I Eat Fish, Watch Movies

Wednesday, January 24, 2007

So Many Mexicans: An Oscar Story

Oscar Nominations
Not good enough for Best Picture apparently, Pan's Labyrinth (the all-time best movie I've never seen) has picked up six Oscar nominations just days after breaking the language barrier and successfully expanding into the wider U.S. market. For all the nominations, if you missed them everywhere else and got all sweaty and anxious and stumbled here by chance during your frantic search for answers, click HERE to where IMDB's given them all a very nice layout I could never hope to emulate on a blog page that rarely posts my pictures in the right place and makes gigantic gaps between paragraphs that make me spend up to four whole minutes correcting them everytime I post.

As you can see, the nominations are largely as was expected. Of course, there's always something (or usually many things) worth griping about, and I'll pick Borat's nomination for Best Adapted Screenplay. Okay, it was a funny movie, and that constitutes creative comedic writing. But COME ON. There wasn't even a proper script for the whole movie, probably just a "plan of attack" in terms of narrative and I doubt scripting exceeded funny ways of questioning participants and, later, voice-over (something which should never alone constitute Oscar-calibre writing no matter how clever or funny). Alas, it was Borat's only nomination, so perhaps they simply wanted to not snub it entirely for fear of getting shat on by the press, as would have been inevitable. In fact, forget "perhaps", I'm willing to bet that's EXACTLY WHAT HAPPENED. Because the Academy does this every year to some poor movie, throwing in a sympathy vote while not really wanting it to win a damn thing out of fear of... whatever. Last year they had to go a step further and give Brokeback several nominations and even the sympathy Director win (which it deserved anyway) just to make it seem like they were being fair in snubbing it for Best Picture. Everyone watching knew what they'd done, they just couldn't prove it.

So sure it happens all the time, it's just that this Borat case seems to have exposed many Academy members as apparently not knowing what a screenplay is. Odd really. But given Poseidon made it to the big screen, not entirely surprising.

As Before
An unoriginal topic (already covered last week), but worth mentioning twice because this goes beyond discussing just the quality of the show. Basically, Heroes is killing me. I'll get to that in a minute.

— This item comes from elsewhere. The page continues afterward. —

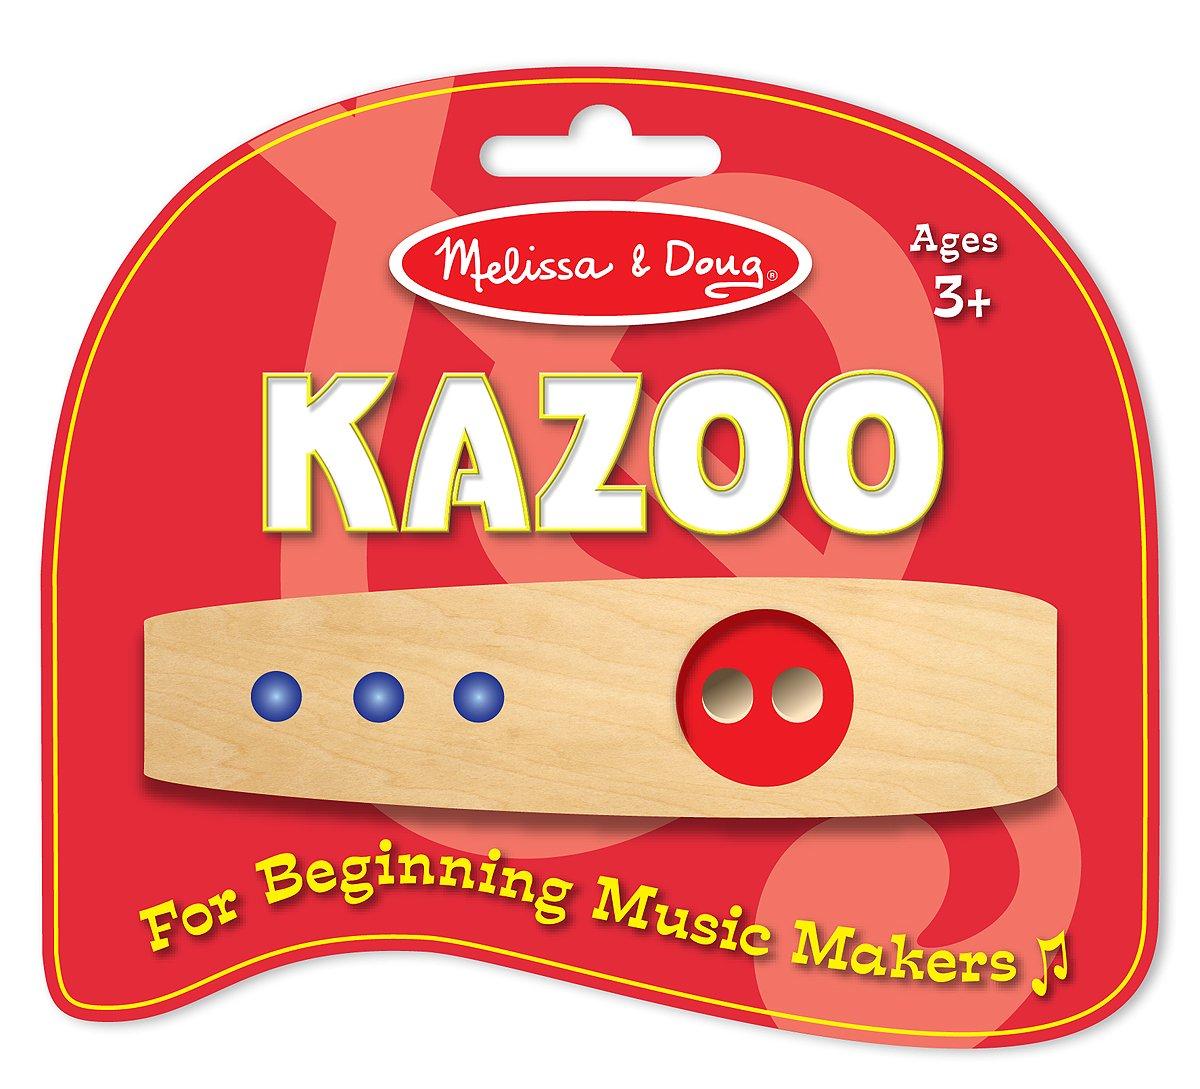 Melissa & Doug 1300 Making Music Beginner Wooden Kazoo Melissa and Doug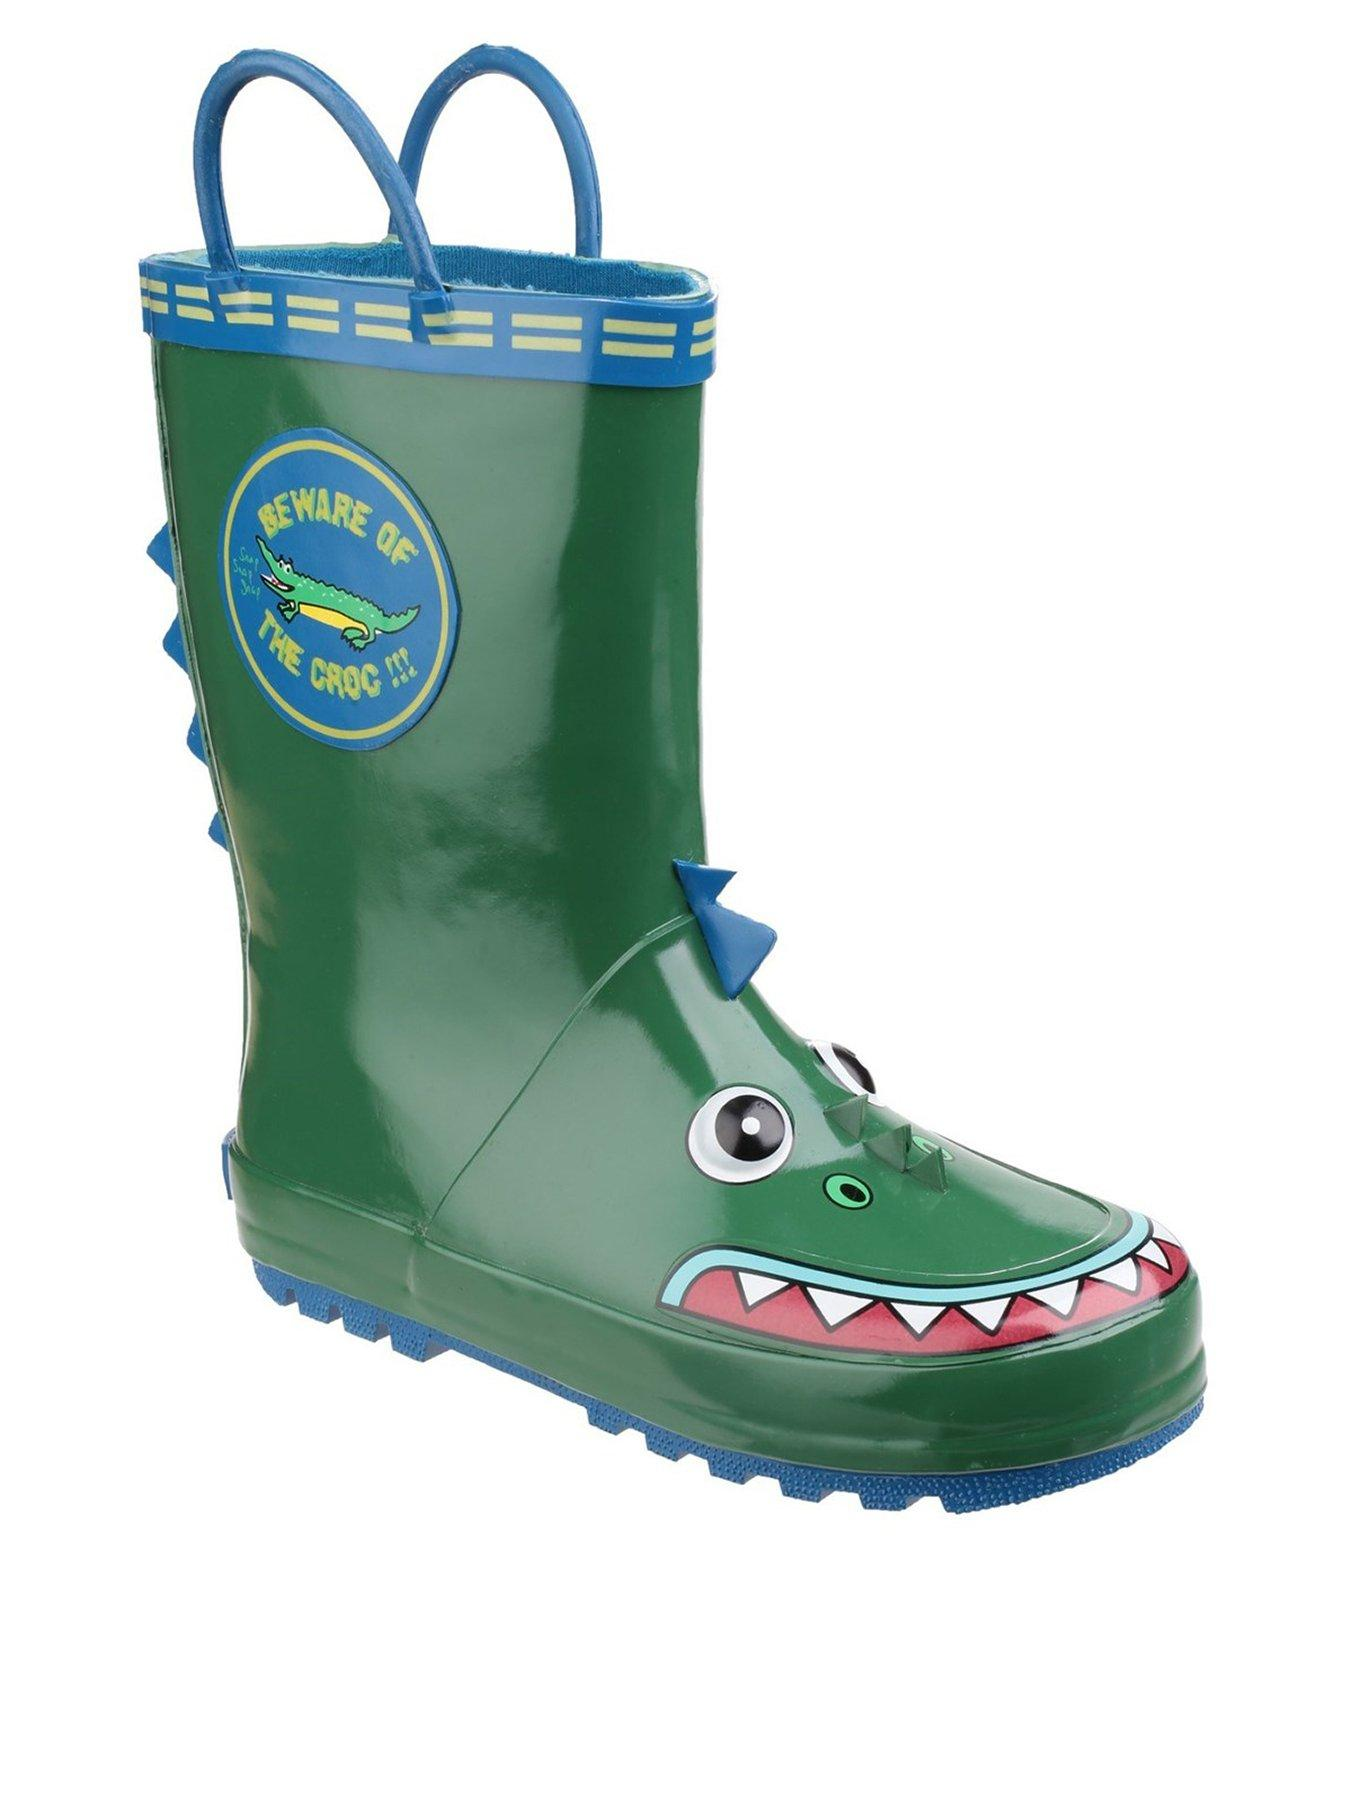 Boy   Shoes \u0026 boots   Child \u0026 baby

First of all I'll ask: how the hell is ths such a popular hit over in the States? It's not that I can't see why people would watch it, which may seem to contradict my previous sentence, but rather the show is, if Monday's episode is anything to go by, moving at the pace of a snail. You know Lost last year? How nothing ever actually happened? Okay, well Lost progressed more in a single second-season flashback than Heroes has in its first three episodes so far, and the most recent episode was, in that respect, completely ridiculous. Oh, and only 39 minutes long, which may have contributed (ever so slightly). But yeah, at the moment it's all just a bunch of disconnected threads waiting way too long to get tied together (which will obviously happen eventually to some degree) meaning we get maybe six or seven minutes of each character's story per episode. And meaning nothing happens unless they force it in ridiculous ways. And boy oh boy do they force it in ridiculous ways. Just because someone can survive absolutely anything, doesn't mean they'd die every fucking day under normal circumstances. For fuck's sake. Claire, who possesses this power, has (in the space of three episodes) head her entire neck twisted around when accidentally hit by a football tackle (uh-huh), and has now had her neck impaled on a spike during a sex attack by a character who made no sense and made one of the shallowest, most stereotypical turns to evil-doer in TV history. What was I saying? Oh yeah: why is show so popular? Well we've established that nothing happens, there are nearly more ads than minutes of show, we barely spend enough time with characters to learn their names and that the show finds ridiculous means to force things to happen to make otherwise dull story threads interesting. What I don't understand is why millions of people have been happy to wait week after week for more of this. But they have. Last night in the States 24 barely beat it in the ratings. And in 24 shit happens all the time. 24 should be Bauer-ing Heroes.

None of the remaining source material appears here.